I’ve been thinking about suburban narratives and the kinds of images, scenarios and stories that emerge. Australia calls itself an urban nation but it’s more appropriate to recognise it as a suburban nation – 80% of us live in suburbs – even post-suburban. Various ideas emerging in the face of population growth and climate change such as:
- Slumburbia (crisis, displacement, another cycle of flight)
- Repair and retrofit (urbanise, localise, infill, pedestrianise etc)
- Suburbia 2.0 (teleworking, technology parks. mobility etc)
- Edible/Green suburbs (permaculture, agriculture, forest)
- Global suburb (a relationship to the global city and the global slum, cultural diversity/ethnoburb)
- Civic suburbs (shared space, social/cultural capital, citizenship, governance)

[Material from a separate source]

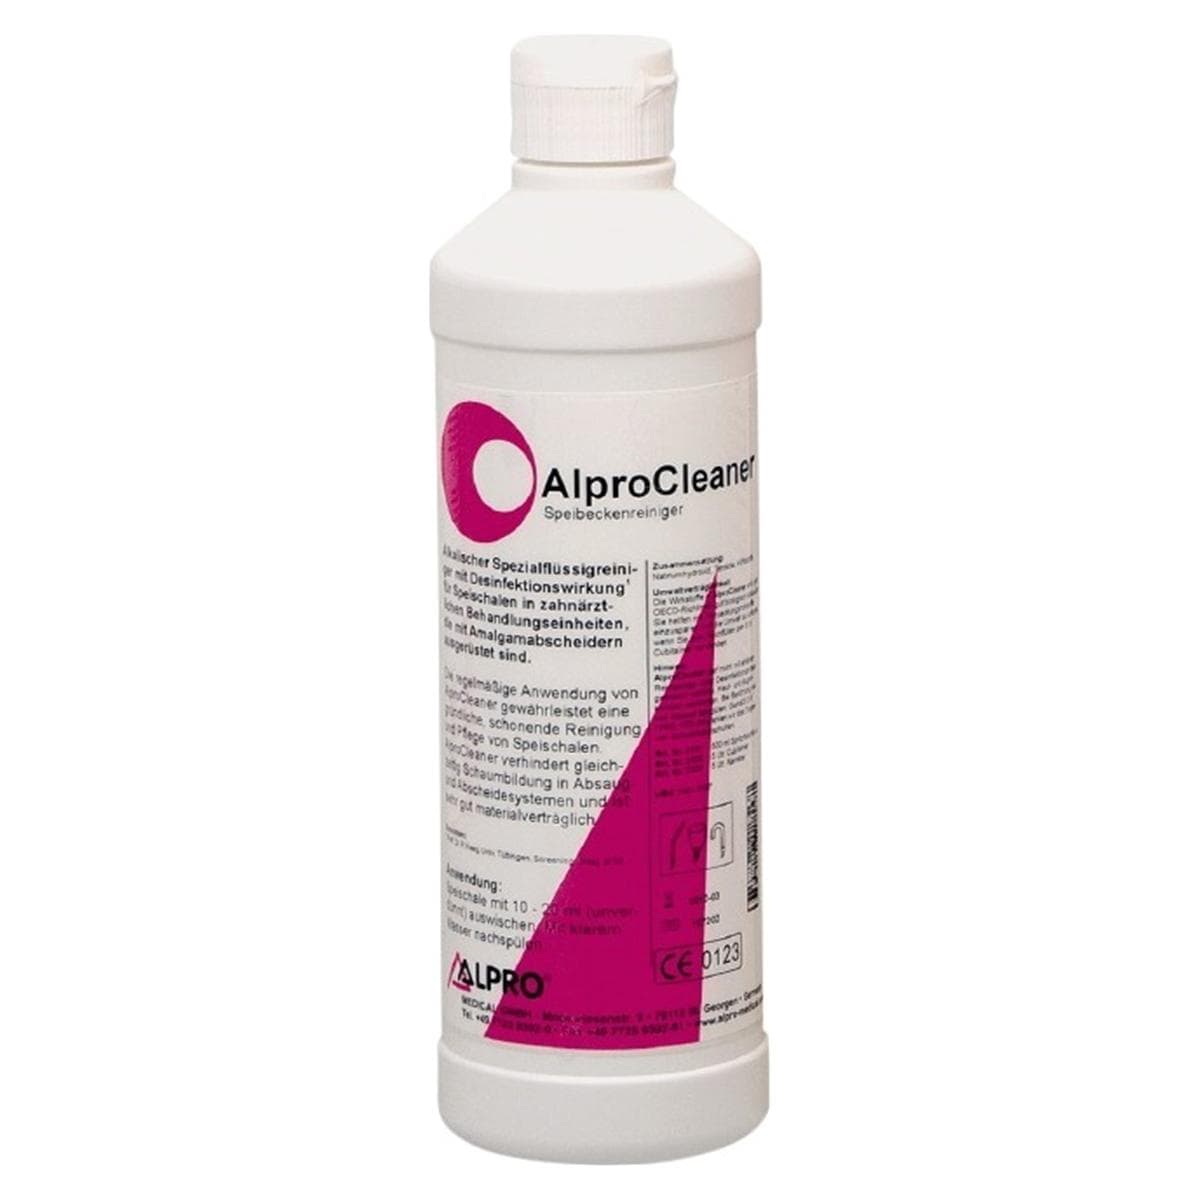 Alpro Cleaner - Verpakking, 6x 500 ml

I’m keen to flesh these out. I can see some signs in my own locality already – the introduction of NBN, changing demographics, the clusters of aged and low income folk, various gardening and conservation efforts, increasing density.
Phil Smith
24/01/2012
What I think might be interesting in fleshing these out (wherever they are applied) is the potential conflict points. They all seek a better surburbia/neighbourhood/place but each has differing views/politics. Suburbia 2.0 and technoparks is at odds with Repair and Retrofit. Repair and Retrofit movement with urbanisation and infill is often at odds with the grassroots politic of edible/green suburbs and Transition Towns. What are the alignment points and how well can they feed off each other. At what intersections to they cancel each other out?
lcarroli
27/01/2012
The practice of exegesis, discourse analysis and scenarios – as an exchange between present/future – would do that. None of these are complete. They can co-exist and intersect. They are already here.